* Extracted entries
_ _ _ _ _

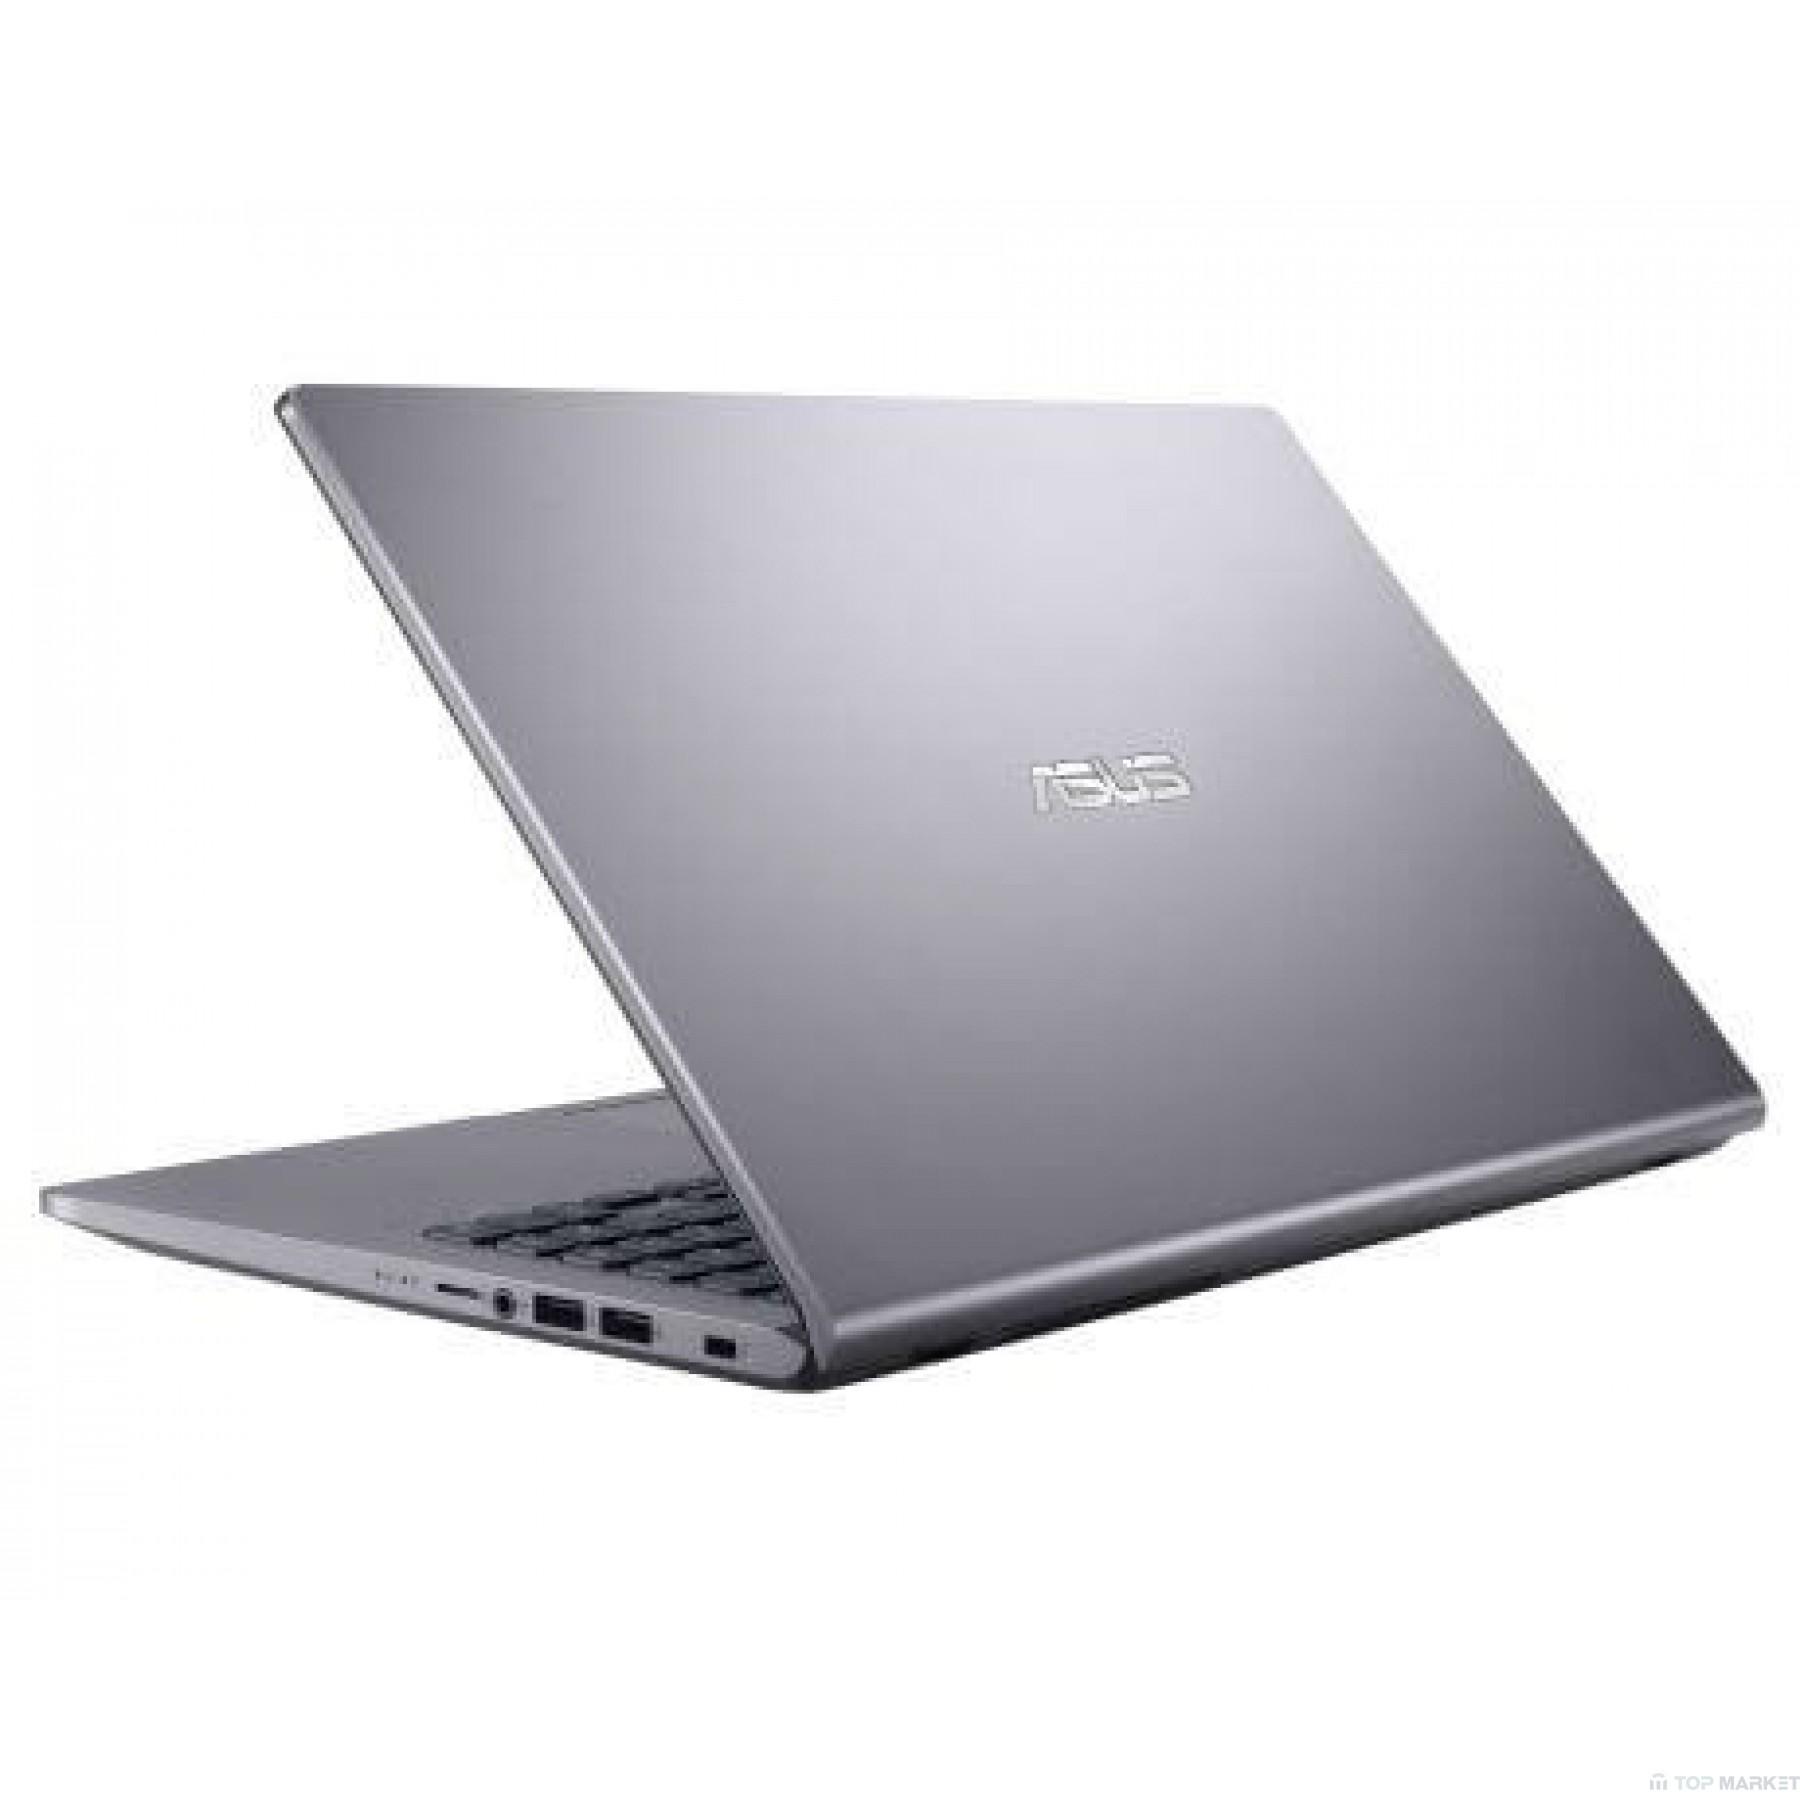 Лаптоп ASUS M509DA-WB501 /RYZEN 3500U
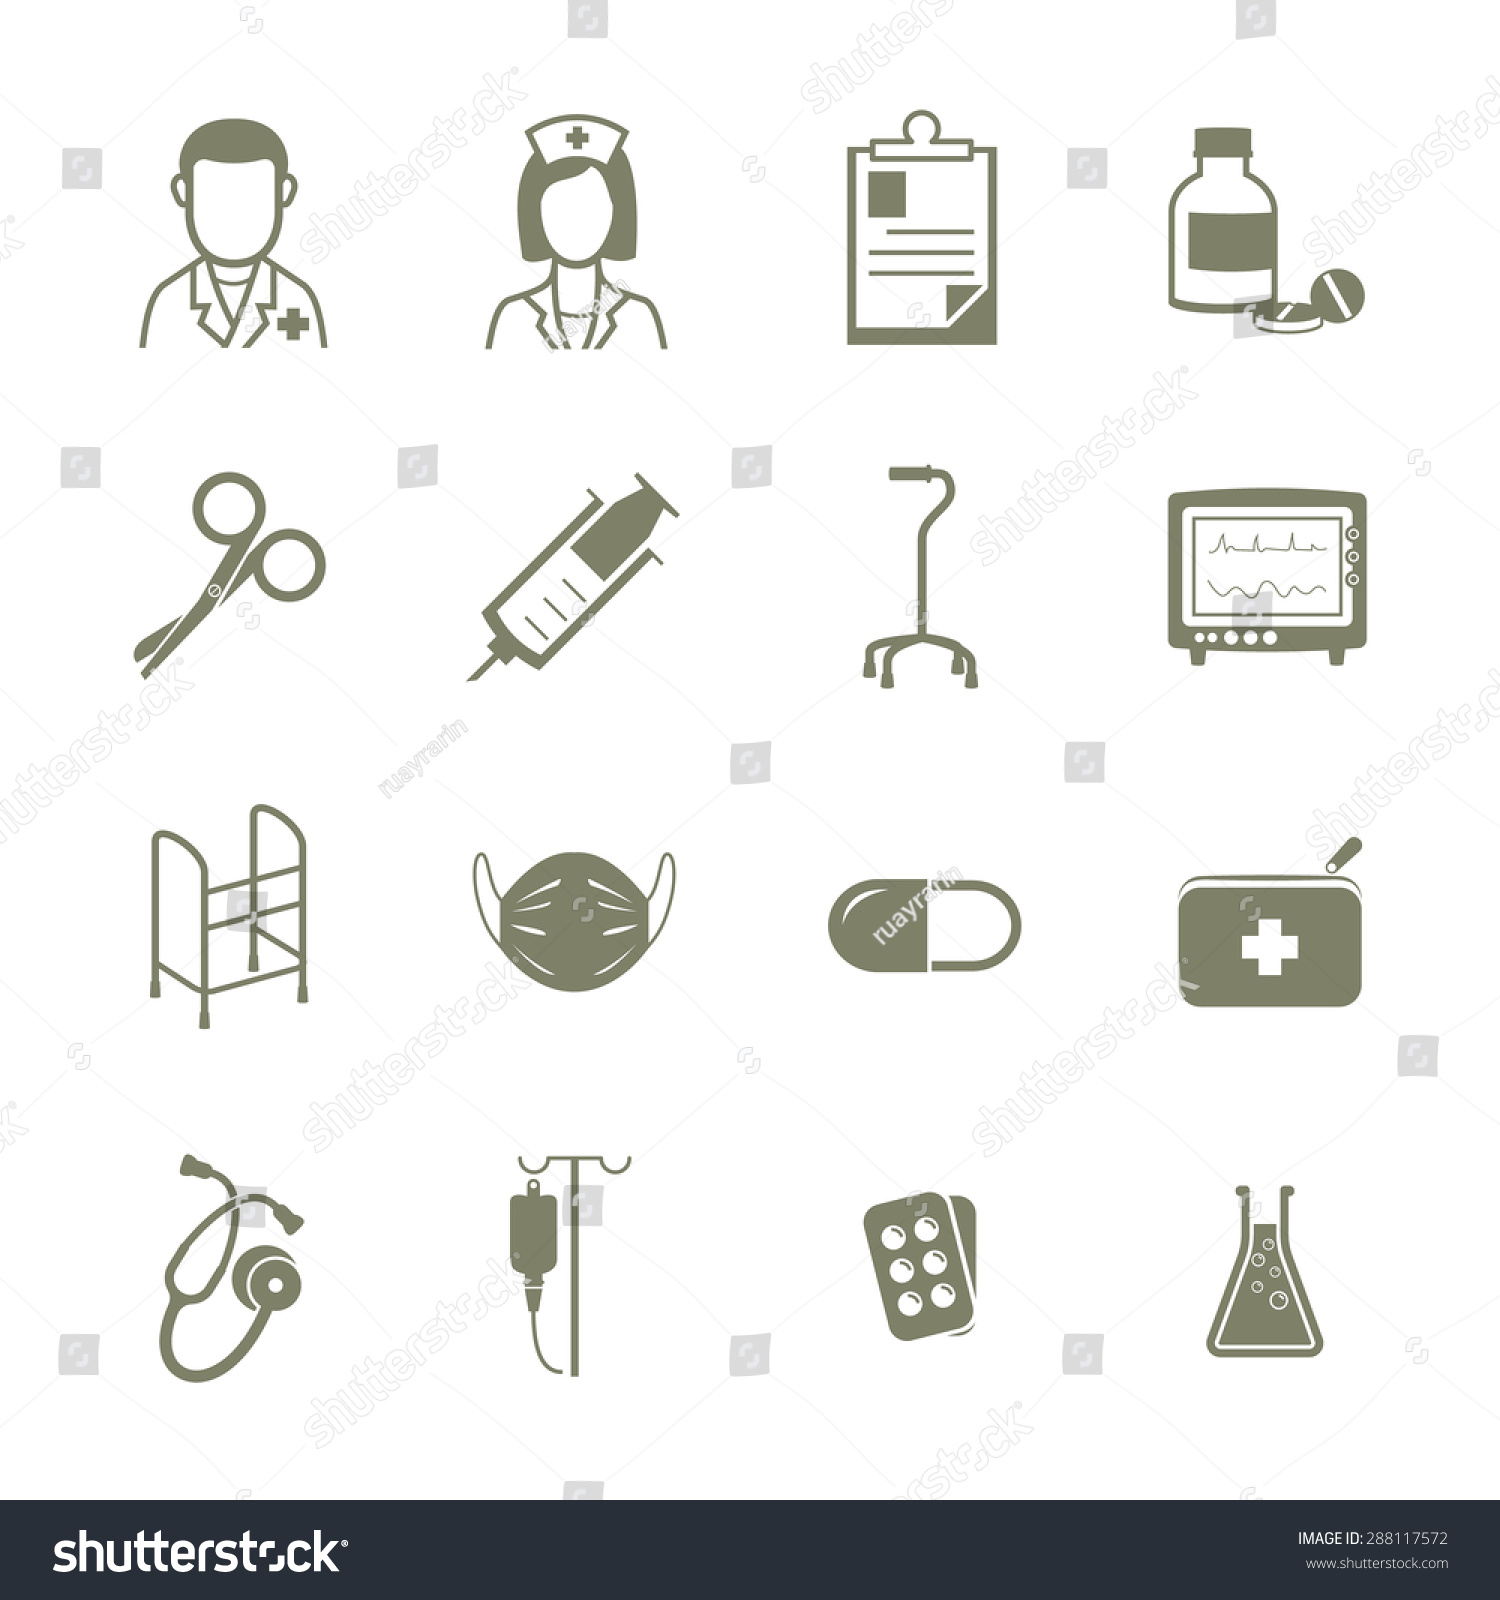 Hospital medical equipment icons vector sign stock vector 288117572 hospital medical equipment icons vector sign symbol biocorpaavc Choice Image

_ _ _ _ _

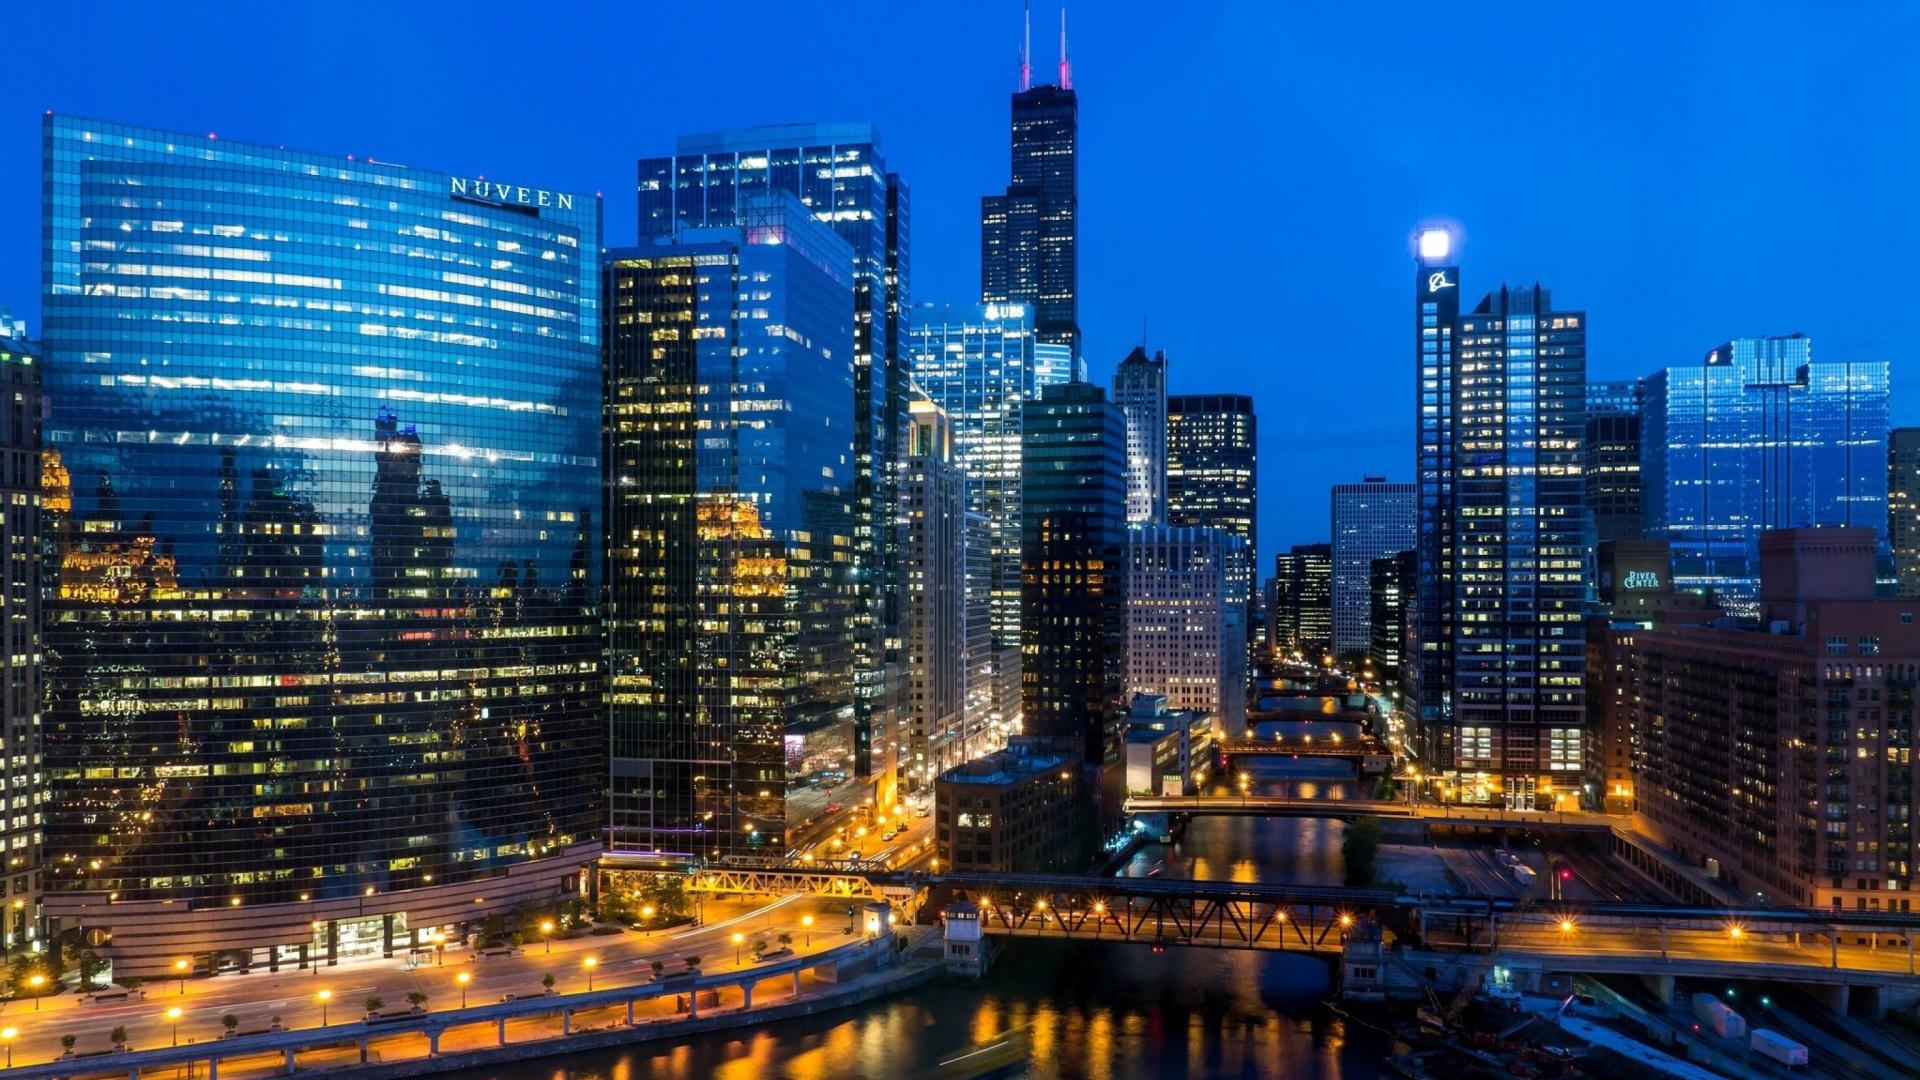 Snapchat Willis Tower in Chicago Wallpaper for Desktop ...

_ _ _ _ _

* Problem to solve
What is needed is an exact copy of only the lines above from the one with "Лаптоп ASUS M509DA-WB501 /RYZEN 3500U" to the one with "Hospital medical equipment icons vector sign stock", both kept, with every picture left out.

* Response to this task
 Лаптоп ASUS M509DA-WB501 /RYZEN 3500U
 Hospital medical equipment icons vector sign stock vector 288117572 hospital medical equipment icons vector sign symbol biocorpaavc Choice Image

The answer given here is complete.